Either case would require the French party to comply with an evidence-gathering procedure which is inevitably more burdensome than under French rules. The scope of American discovery therefore has the potential to reach outside of the USA and foreign companies doing business with American entities should be well aware of the “war machine of judicial procedure” they may find themselves faced with should a dispute arise.
Impact of these provisions
These broad discovery provisions were introduced with the intention of enabling fact finding and uncovering the truth. The rationale behind the introduction of this far-reaching system was that if all evidence is revealed before trial actually began, not only would it promote fairness and justice, but would also encourage settlement by allowing the parties to assess the strengths and weakness of each other’s cases. However, a reported entitled ‘Field Survey of Federal Pretrial Discovery’ carried out by the Project for Effective Justice of Columbia Law School in 1965 concluded that “no positive evidence is found that discovery promotes settlement”.

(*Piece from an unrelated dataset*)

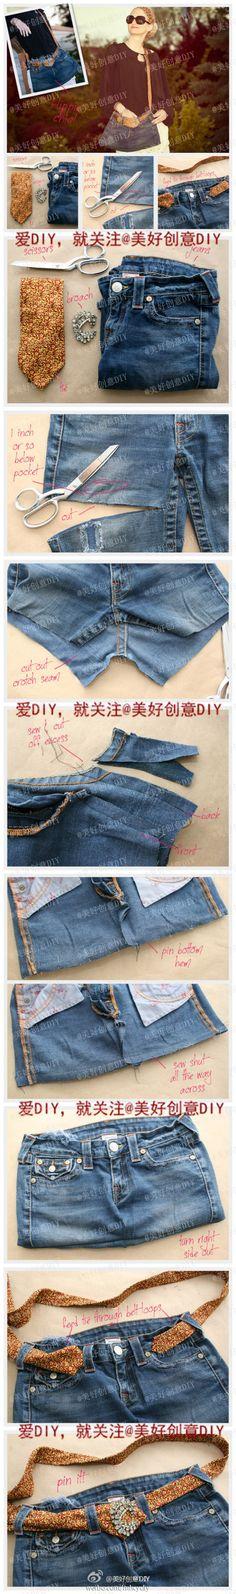 用旧的牛仔裤做一个包,好好看好时尚啊!!

Equally, whether this is the actual result of American discovery is open to debate. Complying with discovery rules is difficult, extremely time consuming and inevitably leads to great expense for all parties involved. This could therefore easily be abused, if, for example, one party has deeper pockets and is able to put financial pressure on their opponent by purposefully protracting the discovery process and forcing it to engage in fishing expeditions. There may be some financial reprieve in that the Federal Rules allow parties to grant their opponent access to all their documents or records, leaving them to find the information for themselves in their own time. This, of course, comes with risks, and does not reduce the expense of reviewing and responding to discovery requests or carrying out depositions.
Failure to comply
What gives discovery even more clout in the American legal system is that, should a party fail to comply with a discovery order, they will be in contempt of court. This will most likely amount to indirect civil contempt of court, whereby the court can impose sanctions, such as a fine or even jail time, to coerce the party to perform an action; in this case, to comply with discovery orders. The party would be released from the sanction should they then comply with the discovery order.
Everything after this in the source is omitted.